Projection on epigraph of exponential function

Let $f(x)=e^x$. Then, from Proposition 1 we have that if $e^x > t$, the projection $(x^\star, t^{\star})$ satisfies

$$x-x^{\star} = (e^{x^{\star}} - t)e^{x^{\star}}.\tag{2}$$

If $t = 0$, the solution of the above equation is

$$x^{\star} = x - \tfrac{1}{2} W_0(2e^{2x}),\tag{3}$$

where $W_0$ is the Lambert $W$ function.
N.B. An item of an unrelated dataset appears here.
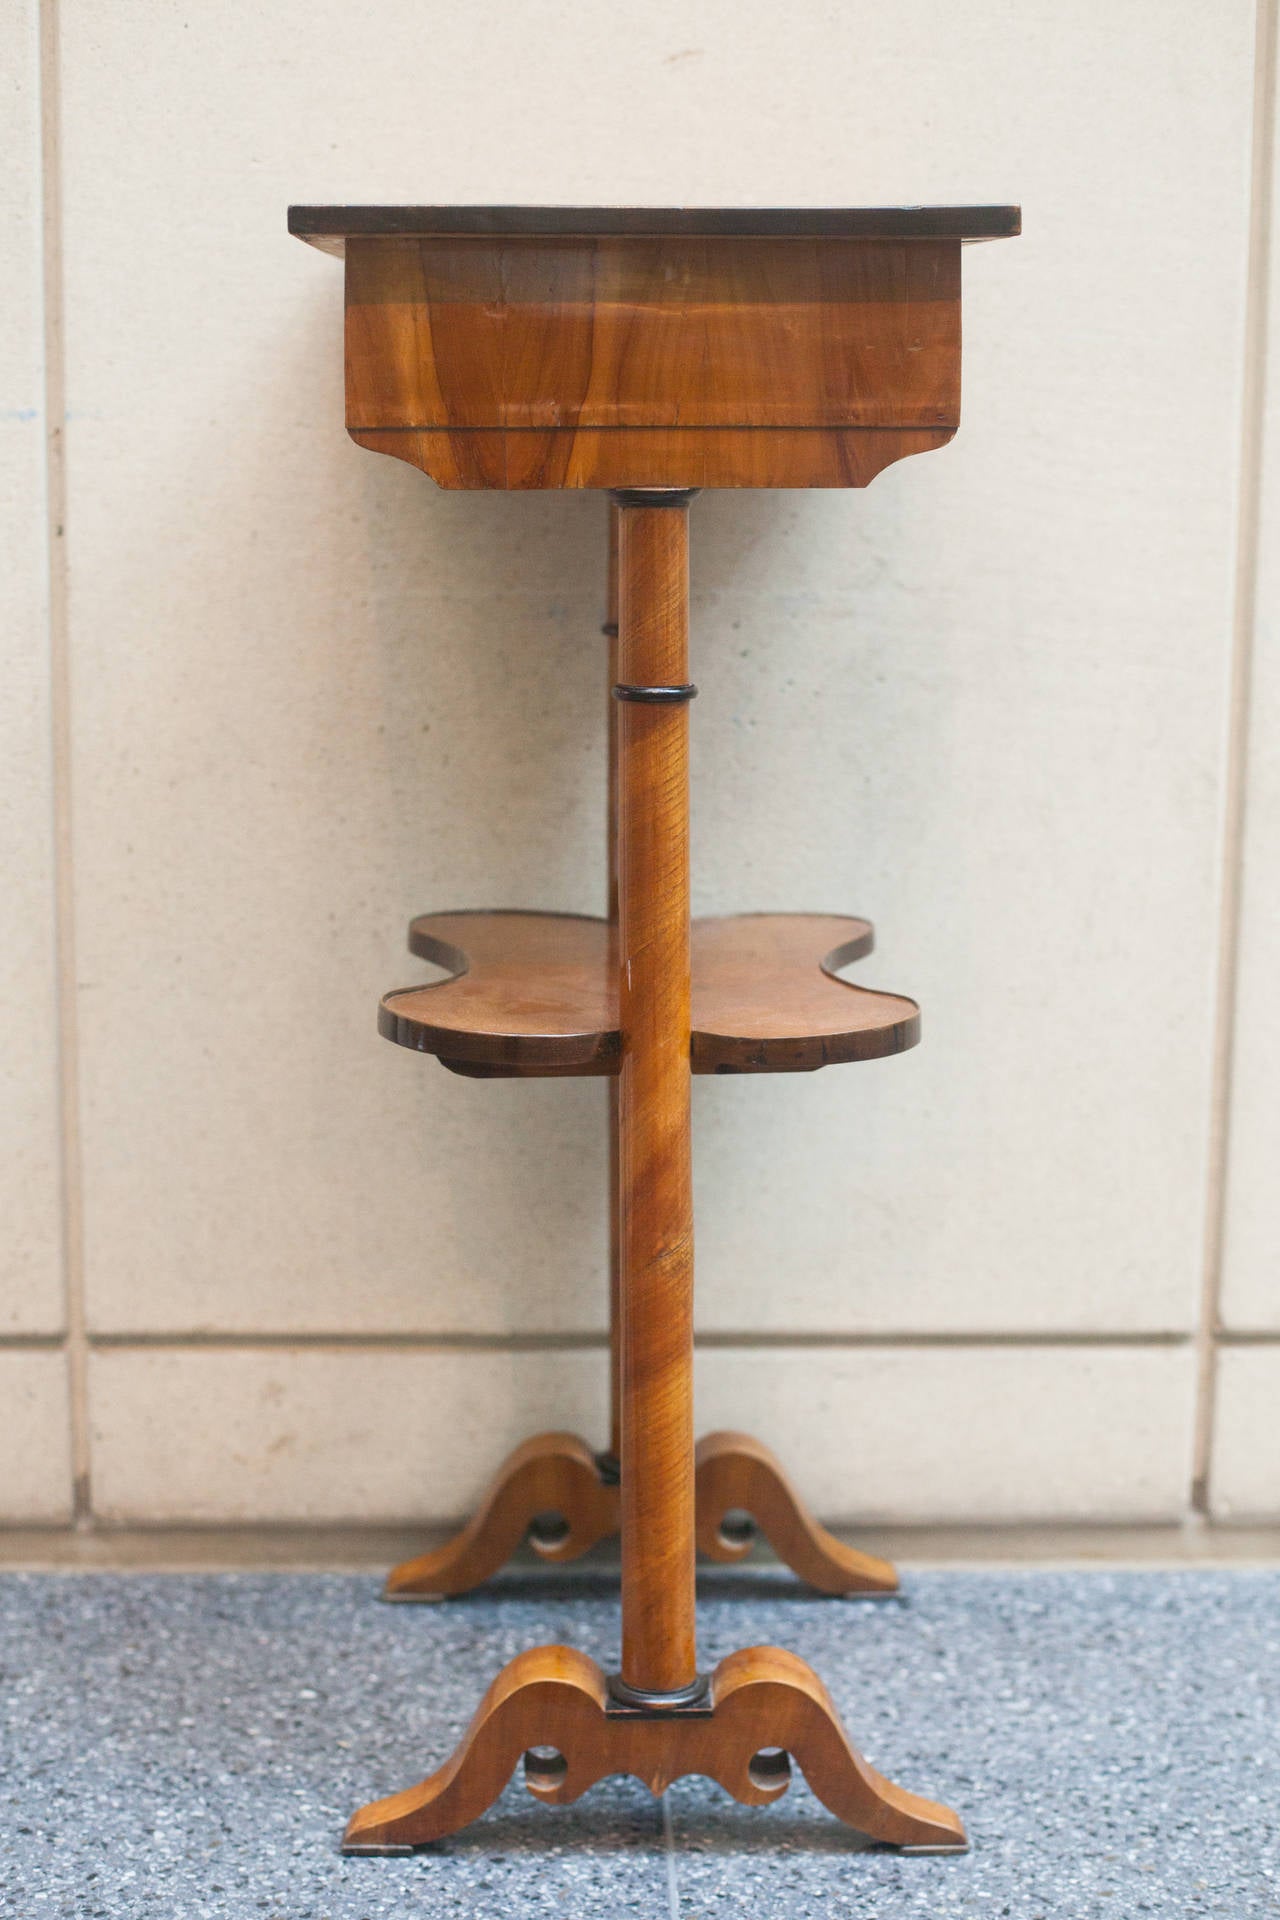 Austrian walnut Biedermeier sewing table with ebonized trim and one drawer below. The two columnar legs are supported by a shelf and a stretcher below terminating on downswept feet.

In a nutshell,

$$\Pi_{f}(z, 0) = \left(x^{\star}, \exp(x^{\star})\right),$$

where $x^{\star}$ is given by Equation (3), that is,

$$\Pi_{f}(x, 0) = \left(x - \tfrac{1}{2} W_0(2e^{2x}), \exp\left(x - \tfrac{1}{2} W_0(2e^{2x})\right)\right).$$

Projection on the epigraph of the exponential function of points on the x axis

Figure 1. Projection of some points $(x, 0)$ on the epigraph of $f(x) = e^x$.

In the more general case, Equation (2) can be solved numerically.

Projection on the epigraph of the exponential function

Figure 2. Projection of some points $(x, t)$ on the epigraph of $f(x) = e^x$.